As expected, we see that for the same forcing, the maximum amplitude of the local strains increases as the cluster becomes more elongated (Fig. 3a,b and Supplementary Video 6). Therefore, these local strains can serve as a signal for the bees to move, and a natural hypothesis is that once the signal is above a certain critical value, the bees move. However, how might they chose a direction? While it may be plausible for the bees to simply move upwards against gravity, it is probably difficult to sense a static force (that is, gravity) when experiencing large dynamic forcing (that is, shaking) in a tightly packed assemblage. Instead, we turn to ask whether there are any local signals that would give honeybees a sense of direction. For all clusters, the strains are largest near the base (Fig. 3a,b and Supplementary Video 6) and decrease away from it, but in addition, as the cluster becomes more elongated, there are large local strains along the contact line where x = ±L1/2, where the bees are in contact with the baseboard. This is due to the effect of the pendular mode of deformation that leads to rotation-induced stretching in these regions. To quantify how the normal and shear strain vary as a function of the distance from the base, Z, we average δli and δθi over all bees that were at a certain Z position at t = 0 and define the following mean quantities: δl(Z) = $$\left\langle {{\rm \updelta} l_i} \right\rangle$$, and δθ(Z) = $$\left\langle {{\rm \updelta} \theta _i} \right\rangle$$, where the angle brackets indicate the average overall spring connection at the vertical position $$r_z^i(0)$$ = Z. Similar to the experimental data, the simulations show that the displacements Ui for horizontal shaking of elongated clusters are larger in comparison to flattened clusters. As both strains δl(Z) and δθ(Z) are largest near the base, z = 0 (Fig. 3c and Supplementary Video 6), and decrease away from the supporting baseboard, they may serve as local signals that bees at the tip of the cluster respond to by moving up the strain gradient (Supplementary Figs. 35 and Supplementary Videos 7 and 8).
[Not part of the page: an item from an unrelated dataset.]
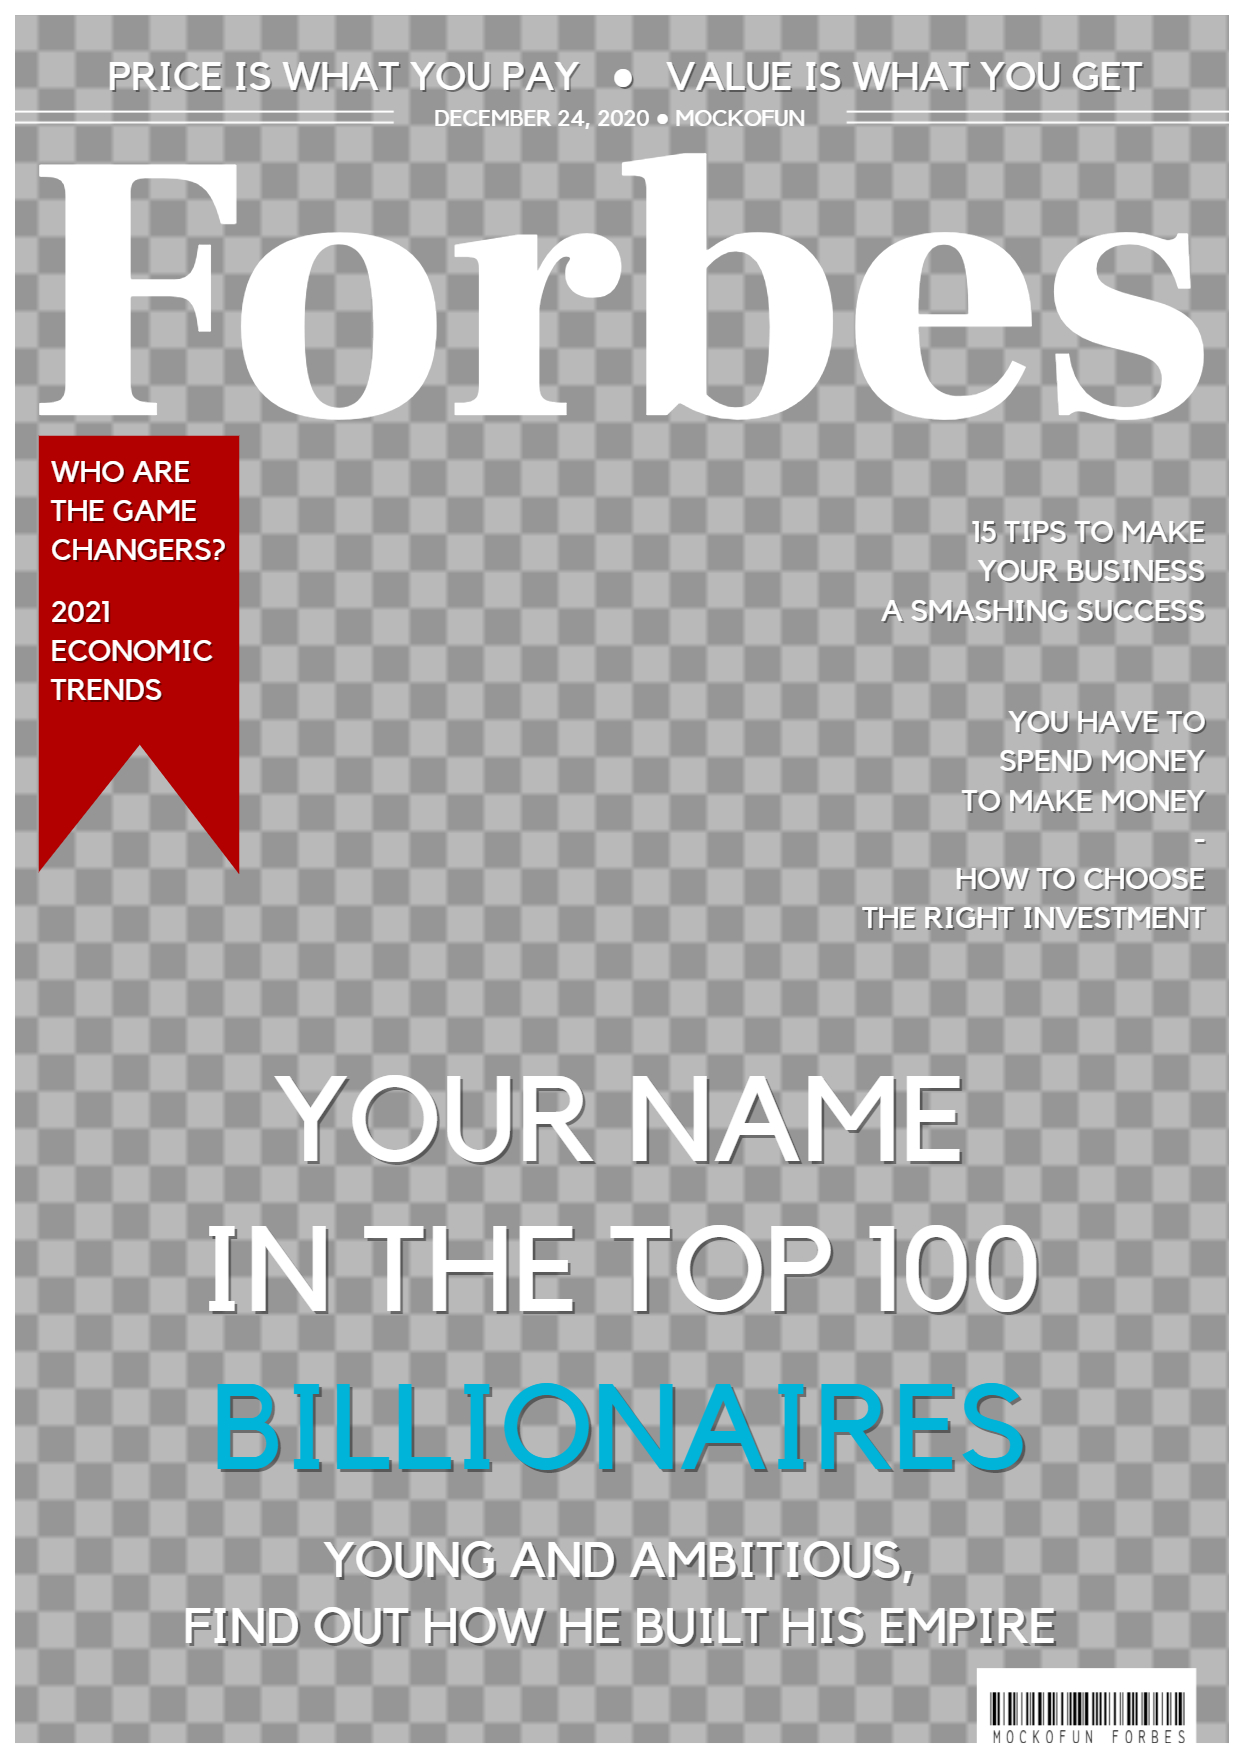 Forbes Magazine Cover Template MockoFUN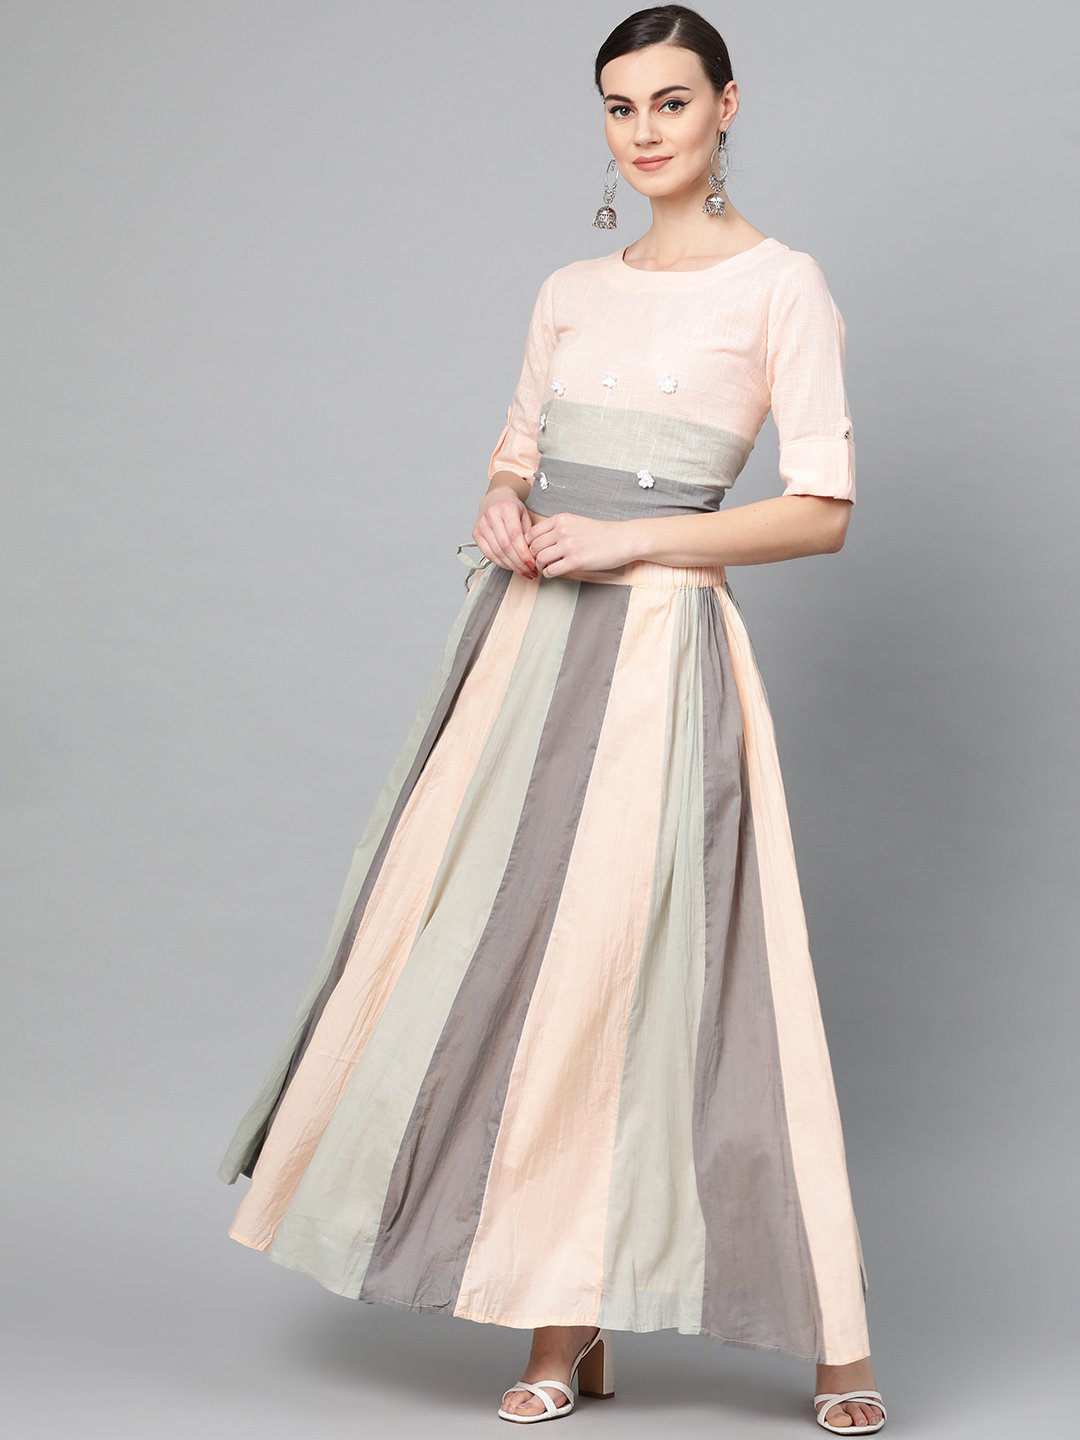 Ishin Women's Cotton Grey Solid A-Line Top Skirt Set

This passive signature of a horizontally shaken assemblage suggests a simple behavioural hypothesis: bees can sense the local variations in the normal strain above a critical threshold, and move slowly up gradients collectively. We note that mechanical strain is invariant to translation and rotation of the whole assemblage; that is, it is independent of the origin and orientation of the frame of reference, and thus a natural choice (similar to how cells and bacteria respond to mechanical stresses18). This behaviour will naturally lead to spreading of the cluster and thence smaller strains on the cluster. Noting that the timescale of the response of the bees is of the order of minutes while the duration of a single period is seconds, it is natural to consider the integrated local normal strain signal: $$\tilde {\mathrm{\delta }l_i^t}$$ = $$\mathop {\sum}\nolimits_{\tilde t = t - T_{\rm w}}^t {\kern 1pt} {\rm \updelta} l_i^{\tilde t} \times {\rm d}t$$, where Tw is chosen to be the period of the shaking (see detailed description in Supplementary Section C). Then our behavioural hypothesis is that when $$\tilde {\mathrm{\delta }l_i^t} > \tilde {\mathrm{\delta }l_i^t}_C$$ the bee becomes active, and moves in the direction of the time-integrated negative normal strain gradient (that is, the active force is directed toward a higher local normal strain) according to the simple proportional rule $$F^{{\mathrm{active}}} = - f^{{\mathrm{active}}}\tilde{ {{\rm \updelta} {{\bf l}}_i^t}}$$. We note that moving up a gradient in time-integrated normal strain would also suffice to explain the observed mechanical adaptation.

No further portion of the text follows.